The men's 200 metre individual medley event at the 2024 Summer Olympics was held from 1 to 2 August 2024 at Paris La Défense Arena, which was converted to a swimming pool for the swimming events.

France's Léon Marchand and China's Wang Shun were the considered the most likely to win gold and silver, respectively. Other medal contenders included the US' Carson Foster and Shaine Casas, Great Britain's Duncan Scott and Tom Dean, and Canada's Finlay Knox. All except Casas qualified for the final.

In the final, Wang was ahead at 50 metres, but Marchand overtook him and stayed ahead to claim gold with a new Olympic and European record of 1:54.06. Scott defended his silver medal from the previous Olympics with 1:55.31, whilst Wang won bronze with 1:56.00. The win gave Marchand his fourth gold medal of the games and Wang's third consecutive Olympic medal in the event.

== Background ==
China's Wang Shun was the defending Olympic champion in the event, and he had the fastest qualifying time of 1:54.62, which he swam to win the event at the 2022 Asian Games. France's Léon Marchand had the second fastest qualifying time of 1:54.82, which he swam to win the event at the 2023 World Championships. Marchand also won the event at the 2022 World Championships. The US' Carson Foster recorded the third fastest qualifying time of 1:55.65 at the US Olympic Trials, where fellow American Shaine Casas also qualified with the fourth fastest time of 1:55.83. Other medal contenders were Duncan Scott and Tom Dean of Great Britain who won silver and bronze at the previous Olympics, respectively, and also won silver and bronze at the 2023 World Championships. Canada's Finlay Knox won the event at the 2024 World Championships. (Note: Several top swimmers chose not to attend the 2024 World Championships to focus on their Olympic training regime.) Both SwimSwam and Swimming World predicted Marchand would win and Wang would take second. SwimSwam predicted Scott would come third, while Swimming World predicted Foster would take third.

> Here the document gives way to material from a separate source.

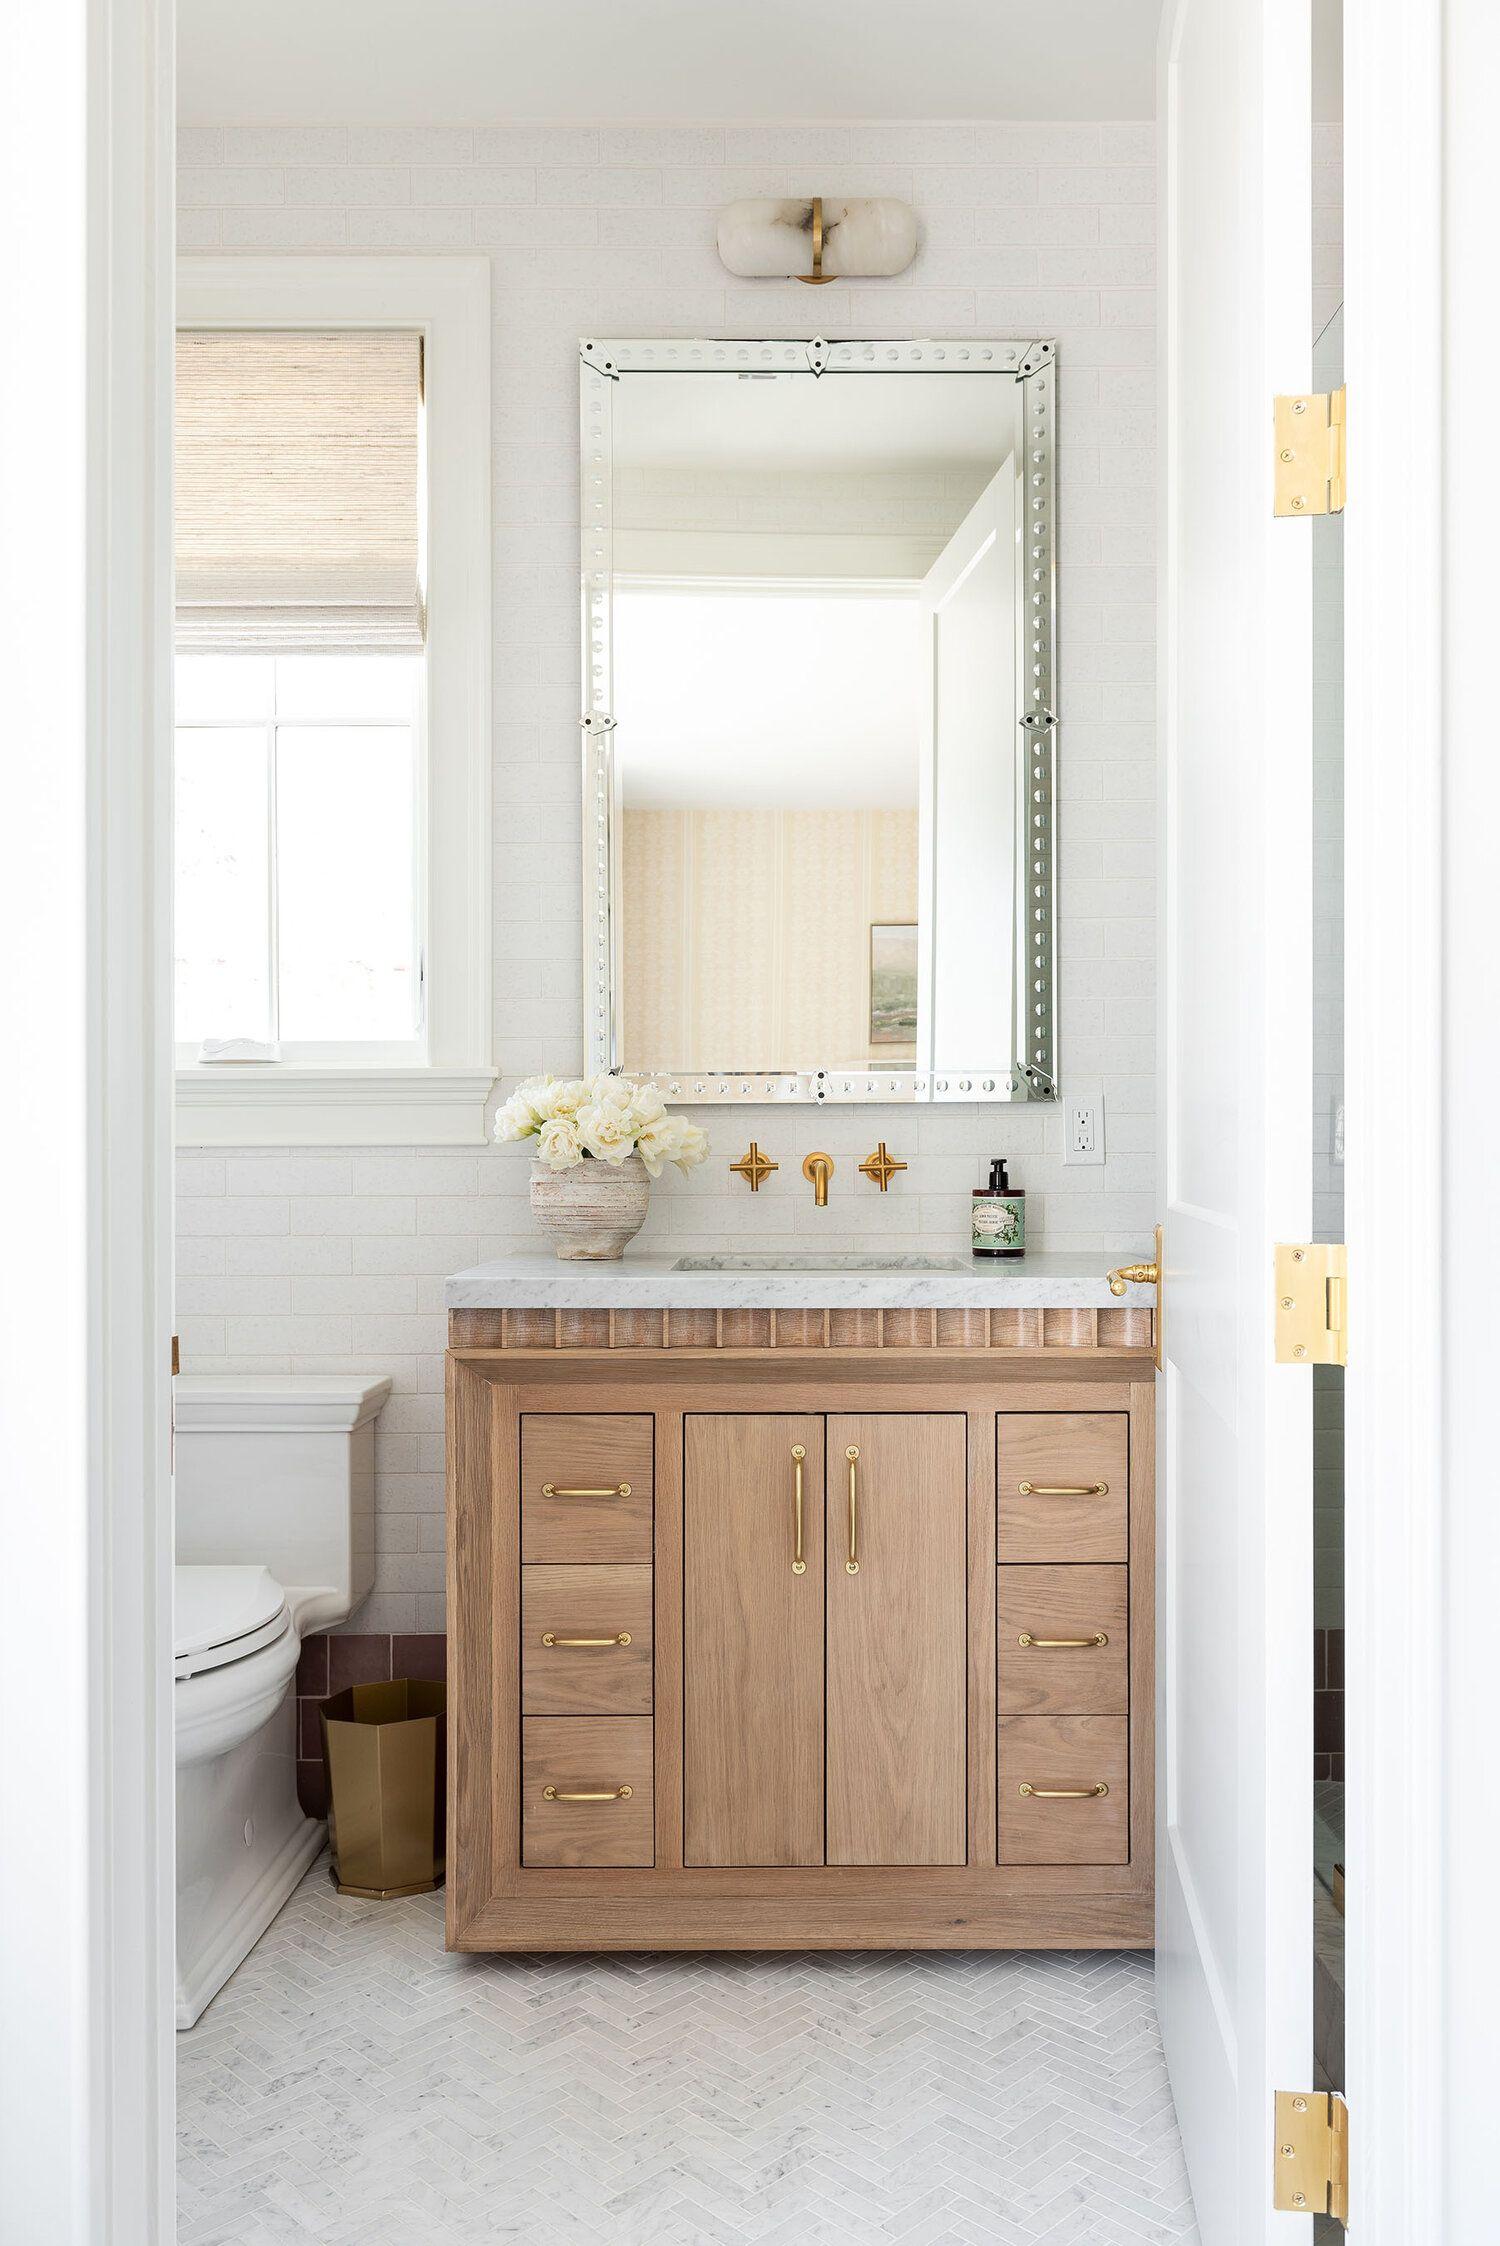 The Mcgee Home Wren S Room Photo Tour Studio Mcgee Bathroom Decor Small Bathroom Bathroom Inspiration

Prior to the event, the world record was 1:54.00, set by Ryan Lochte of the United States in 2011. The Olympic record was 1:54.23, set by the USA's Michael Phelps in 2008.

The event was held at Paris La Défense Arena, which was converted to a swimming pool for the swimming events.

== Qualification ==
Each National Olympic Committee (NOC) was permitted to enter a maximum of two qualified athletes in each individual event, but only if both of them had attained the Olympic Qualifying Time (OQT). For this event, the OQT was 1:57.94. World Aquatics then considered athletes qualifying through universality; NOCs were given one event entry for each gender, which could be used by any athlete regardless of qualification time, providing the spaces had not already been taken by athletes from that nation who had achieved the OQT. Finally, the rest of the spaces were filled by athletes who had met the Olympic Consideration Time (OCT), which was 1:58.53 for this event. In total, 16 athletes qualified through achieving the OQT, seven athletes qualified through universality places and two athletes qualified through achieving the OCT.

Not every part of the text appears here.